Under such circumstances, the Israelis explained to their colleagues, the West will be convinced that it stopped Iran one year before it can build a bomb, when the true amount of time needed will be just two months. Two months, the Israelis told anyone who was willing to listen, is not enough time for the world to respond and block Iran should it decide to proceed at full steam. In other words, the agreement that everyone is talking about is one that would turn Iran into a nuclear threshold state in a very brief amount of time, and immediately enable it to make the quick leap forward to nuclear capabilities, before the world can even respond.
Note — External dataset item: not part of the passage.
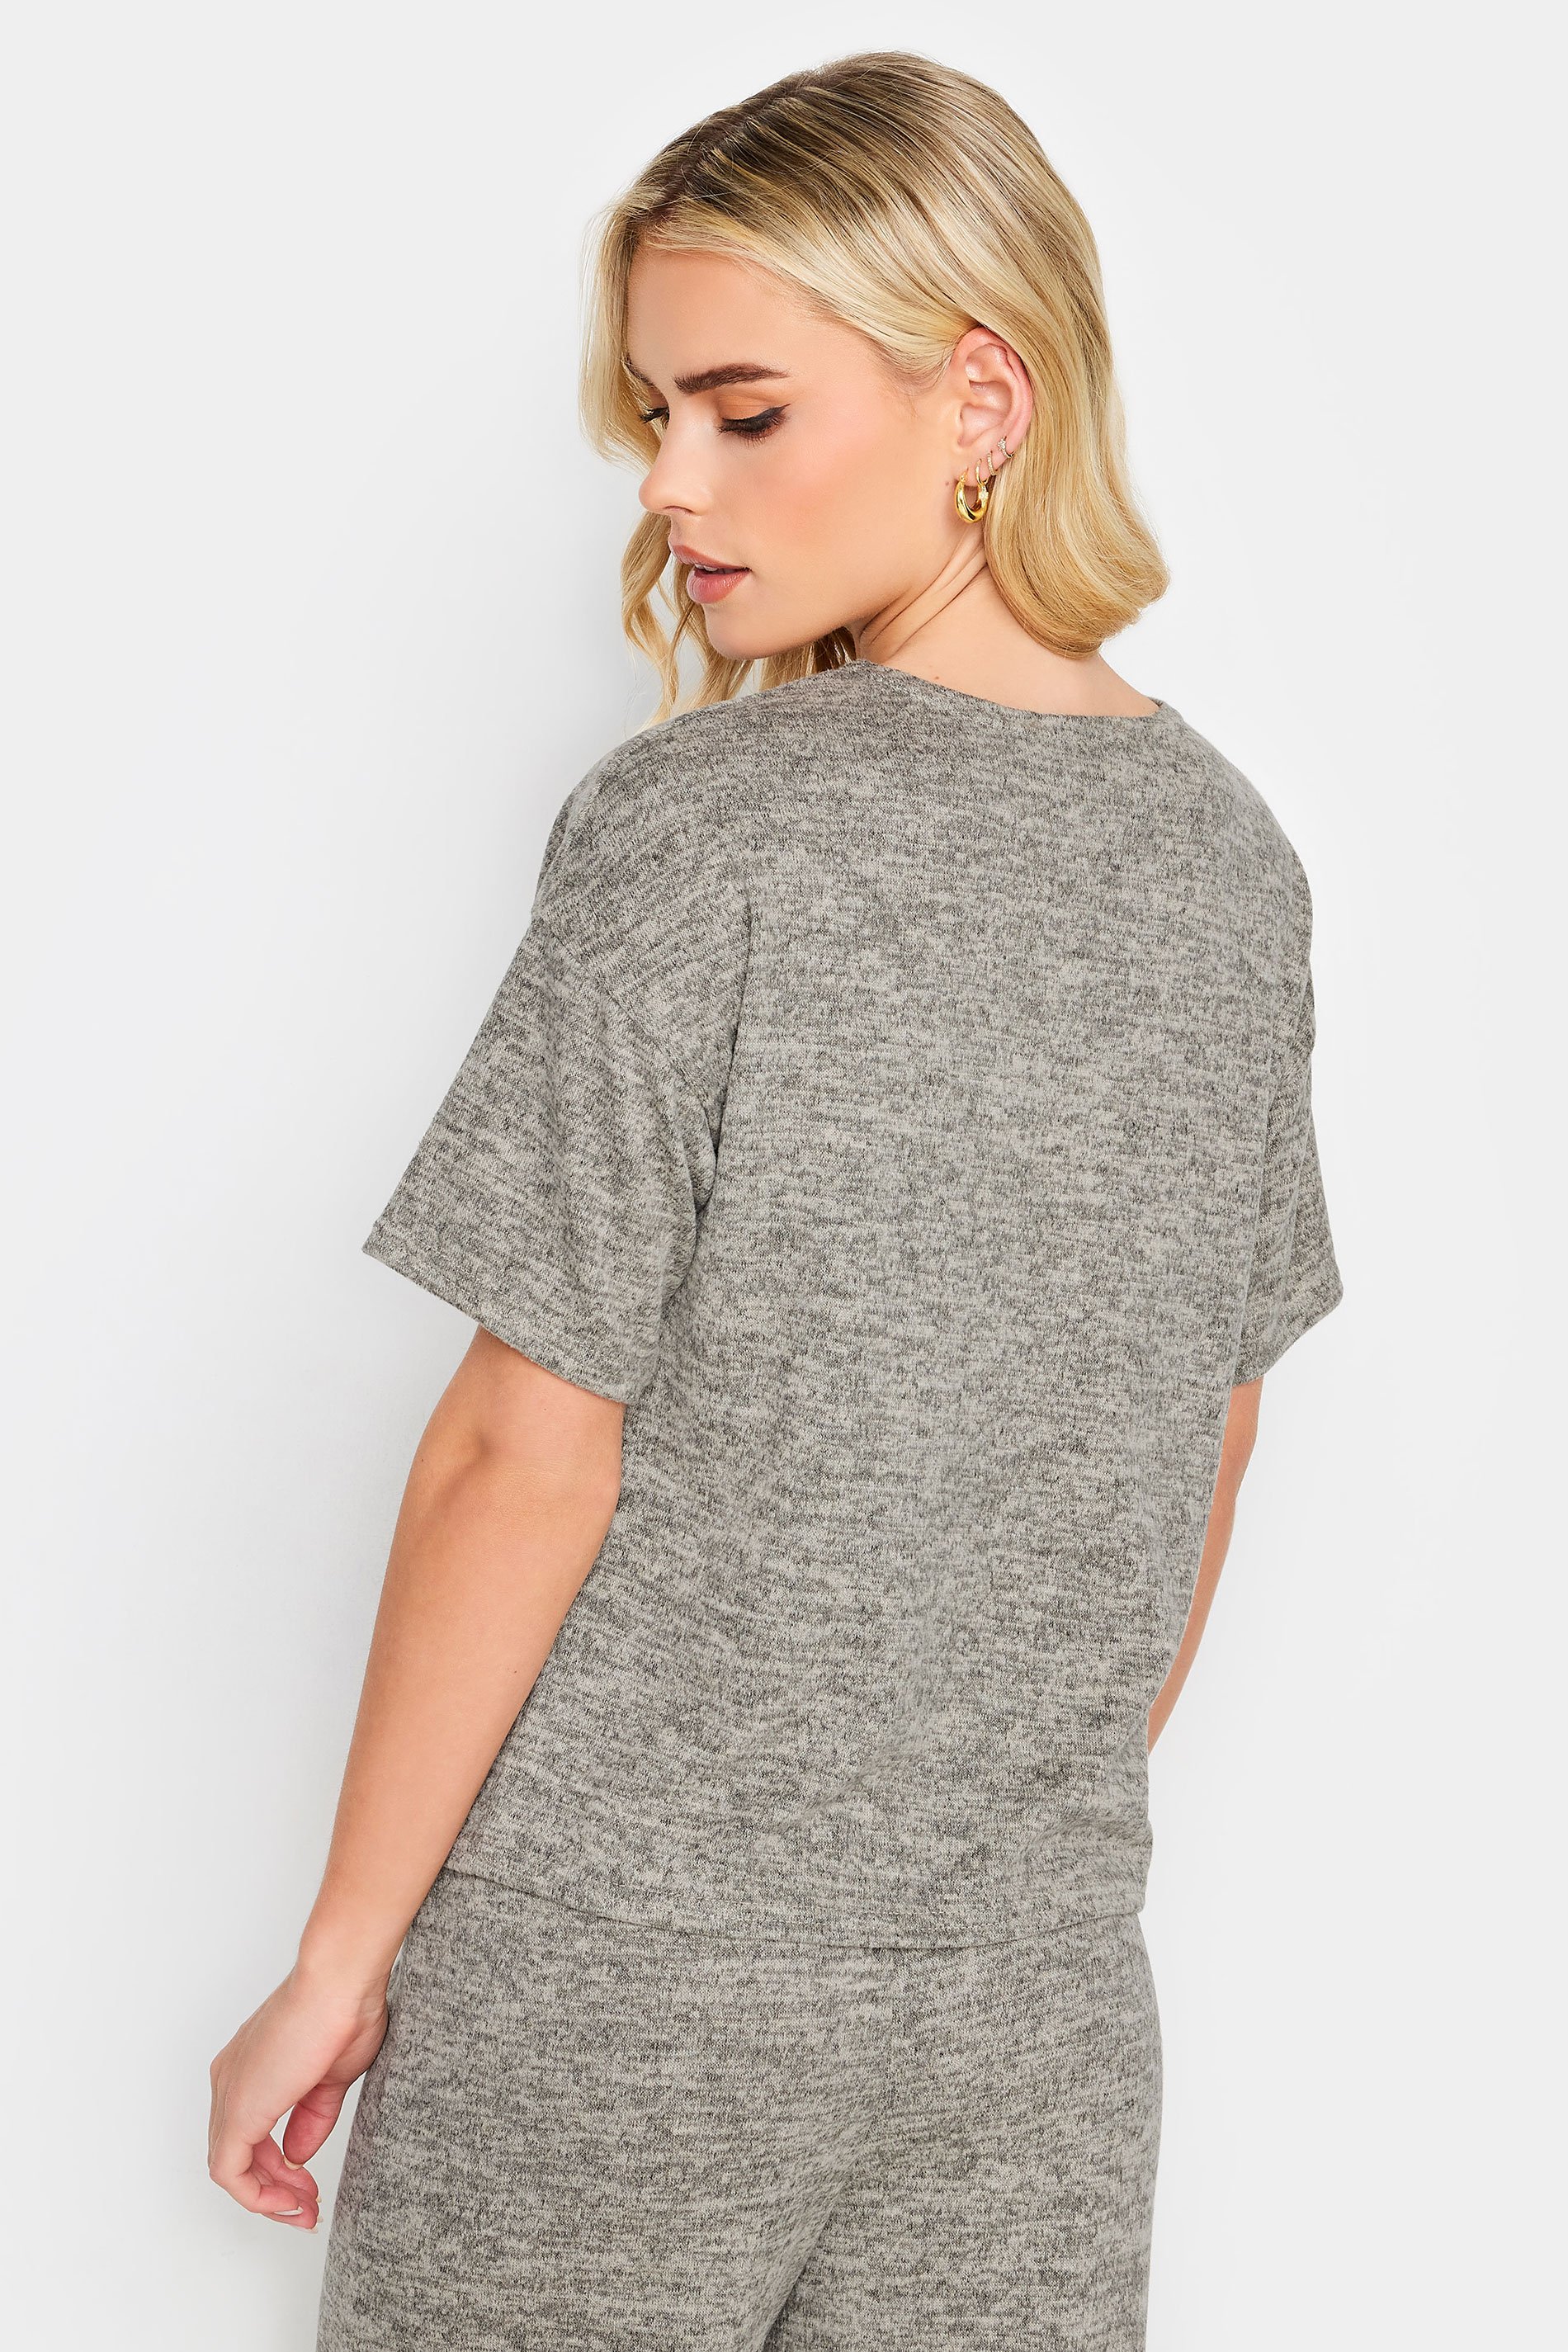 PixieGirl Neutral Brown Short Sleeve T-Shirt | PixieGirl  3

As much as the interim deal had been a far cry from the positions that the president had articulated when running for reelection, this potential deal was even worse in that it would allow the Iranians to keep everything they would need to make a bomb but rely on their promises and the West’s shaky intelligence and restricted United Nations inspections to ensure that they wouldn’t do so. But, AL Monitor noted, that wasn’t the extent of the problem:

Iran is not obligated to dismantle its centrifuge infrastructure, but only to disable the centrifuges. Under those circumstances, in any situation in which the Iranians decide to withdraw from the agreement or violate it, they can get the centrifuge system that they ”neutralized” working again within two weeks. All of this proves that Iran will continue to maintain expansive enrichment capabilities, which can easily be restored to previous capacity and even beyond that within just a few weeks.
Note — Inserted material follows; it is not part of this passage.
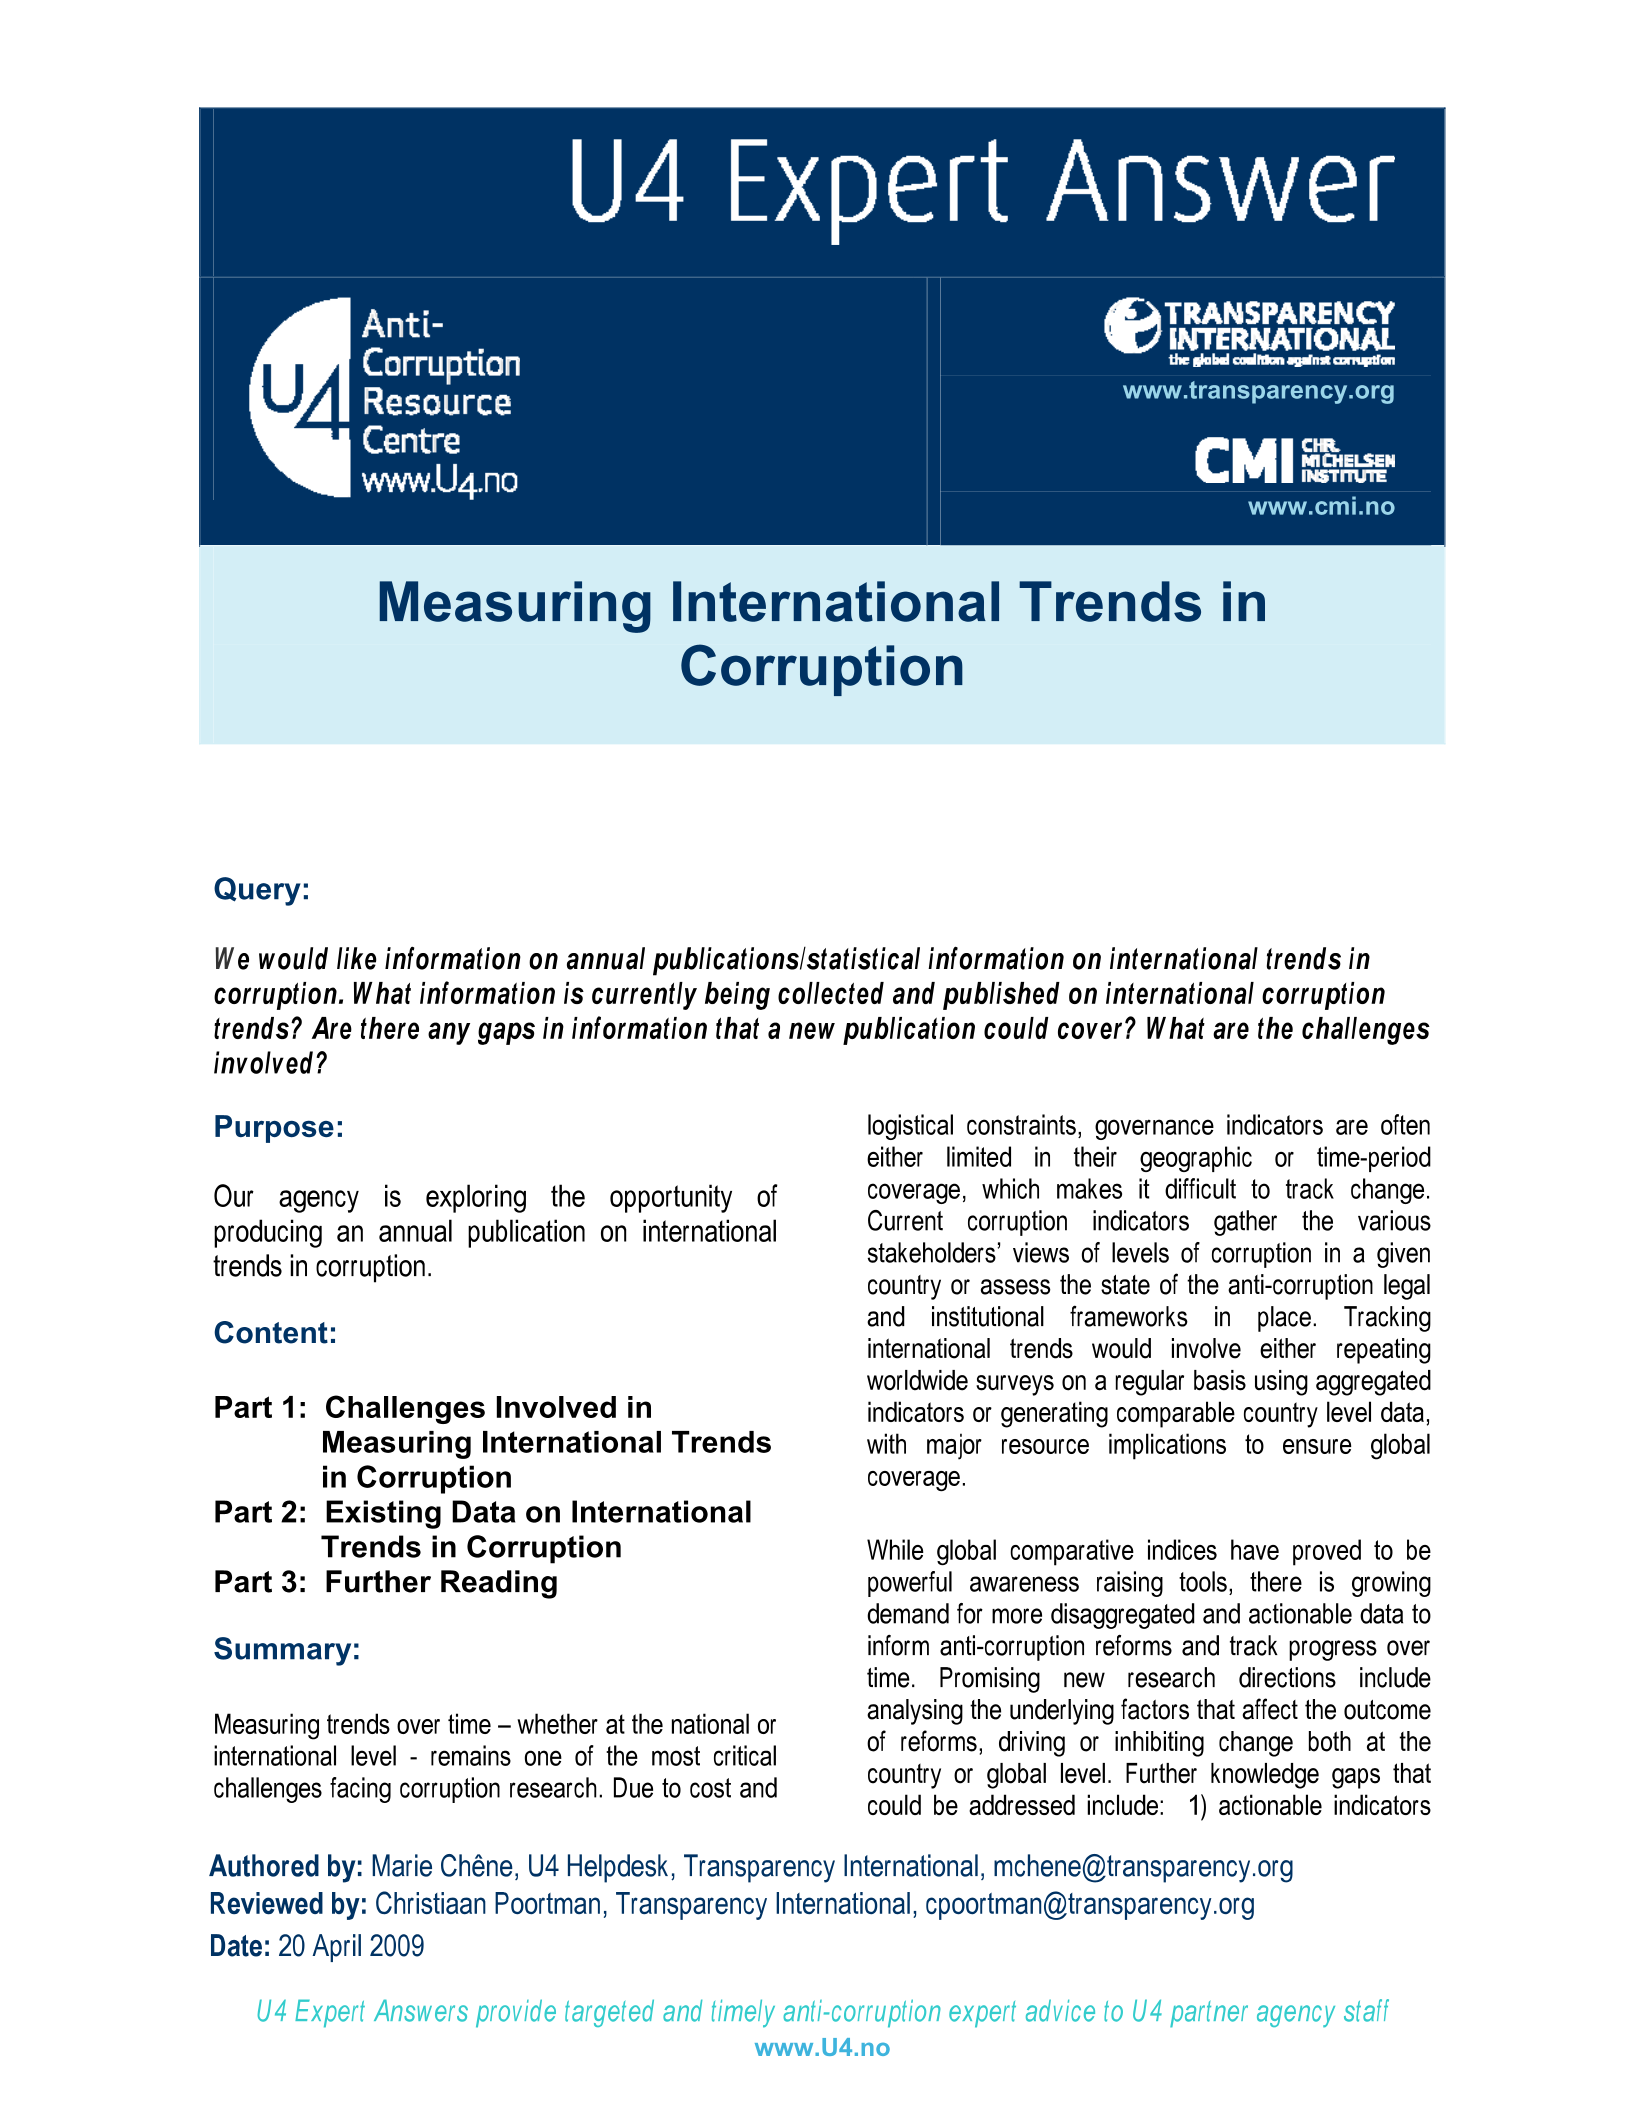 Measuring international trends in corruption

Seen from that perspective, the Israeli allegations about the direction of U.S. diplomacy seem very much to the point.

How do we explain the discrepancy between what Obama promised and the sort of agreement he seems to be aiming toward?

The first answer is that the Iranians are much tougher negotiators than the Western team that has been trying to get them to give the president a much-needed foreign-policy triumph. Whenever the Iranians have said no to a demand, the Americans have simply given up and moved on to other points. Secretary of State Kerry even defended this practice after the interim deal by saying that it was better to give in and keep talking than to ask for the impossible. But in practice that has meant that years of talks have now taken the U.S. to a point where they are actually disputing how many hundreds of centrifuges the Iranians will be able to keep, a stance that merely reduces the issue to how long it will take for the Islamists to get their bomb.
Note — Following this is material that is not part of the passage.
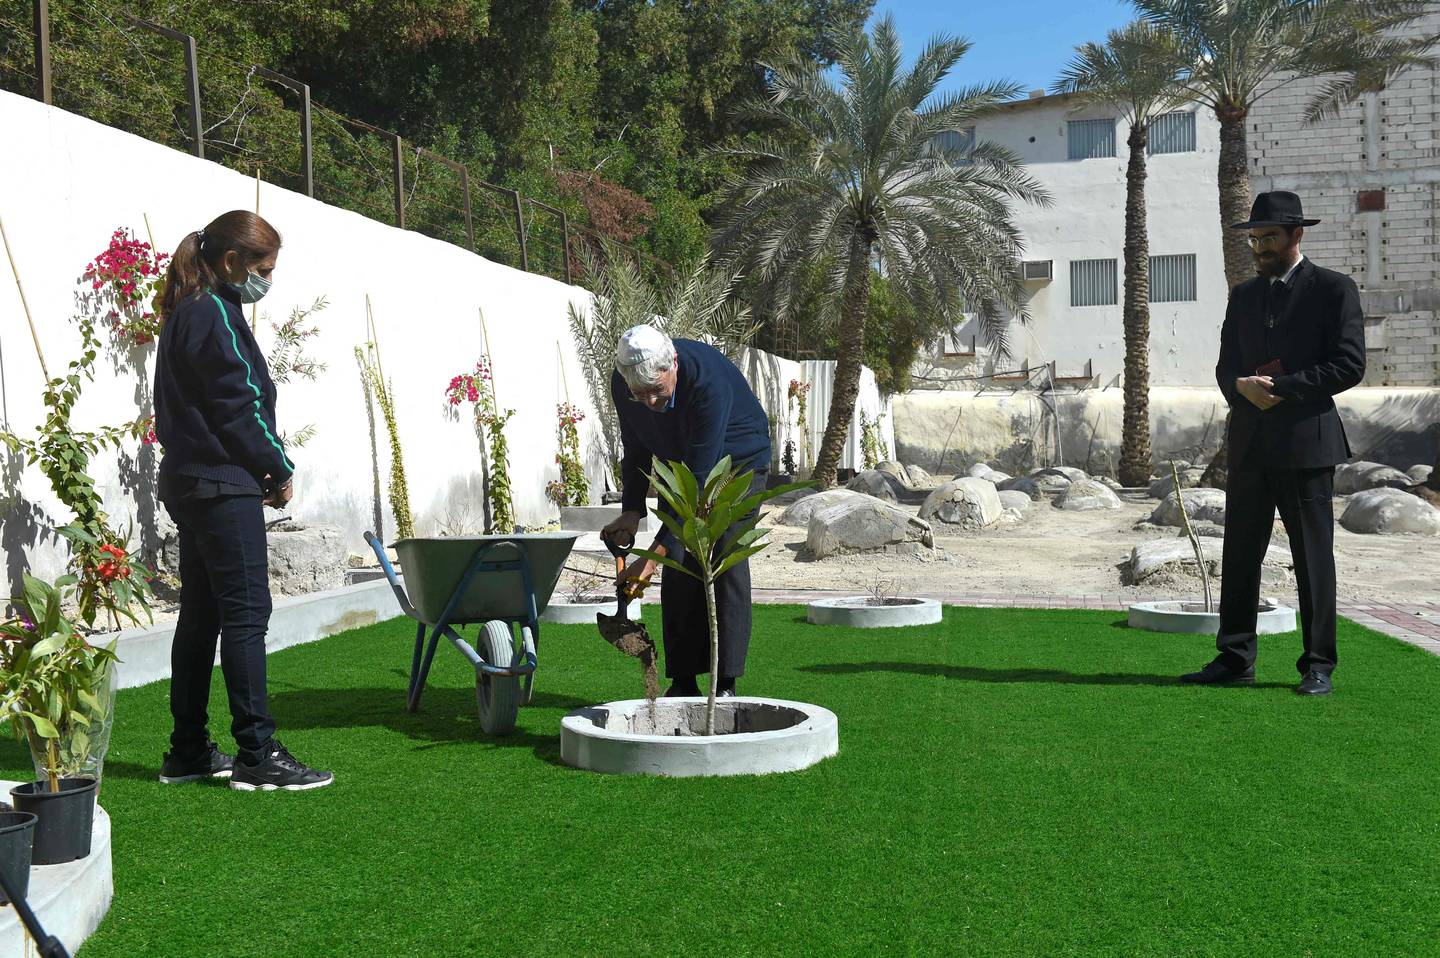 Ebrahim Nonoo, centre, head of the Jewish community in Bahrain, plants a tree as Rabbi Yaacov Phia, right, looks on at the Jewish cemetery in Bahrain's capital Manama, on January 23, 2022.  AFP

But even more to the point is the fact that, as President Obama’s comments about the negotiations have made clear, the goal is not so much to end the nuclear threat as it is to work toward a sort of reconciliation with Tehran without requiring it to halt their support for terrorist groups and cease working toward production of ballistic missiles, let alone give up their nuclear ambitions. Though the president wants to help Iran “get right with the world,” what his efforts are really doing is to advance their efforts toward regional hegemony. This position has influenced the U.S. to form an informal alliance with Iran in Iraq and Syria and frightened and alienated moderate Arab nations as well as the Israelis.

So far from being “nonsense,” Netanyahu’s concerns about the president’s diplomatic goals are very much to the point in the debate about sanctions. With the president showing no sign that he will ever admit that the negotiations have failed, the need to toughen the American position has now become imperative. Democrats might be forgiven for rallying around their leader when they perceive he is under attack. But those who care about nuclear proliferation and a potentially genocidal Iranian threat to both Israel and the West need to forget about protocol and start asking tough questions about what kind of a deal the administration is trying to conclude. Unless something drastic happens to change the American position, the problem isn’t that Obama might adopt a position that will let Iran become a nuclear threshold state. It’s that he has already done so.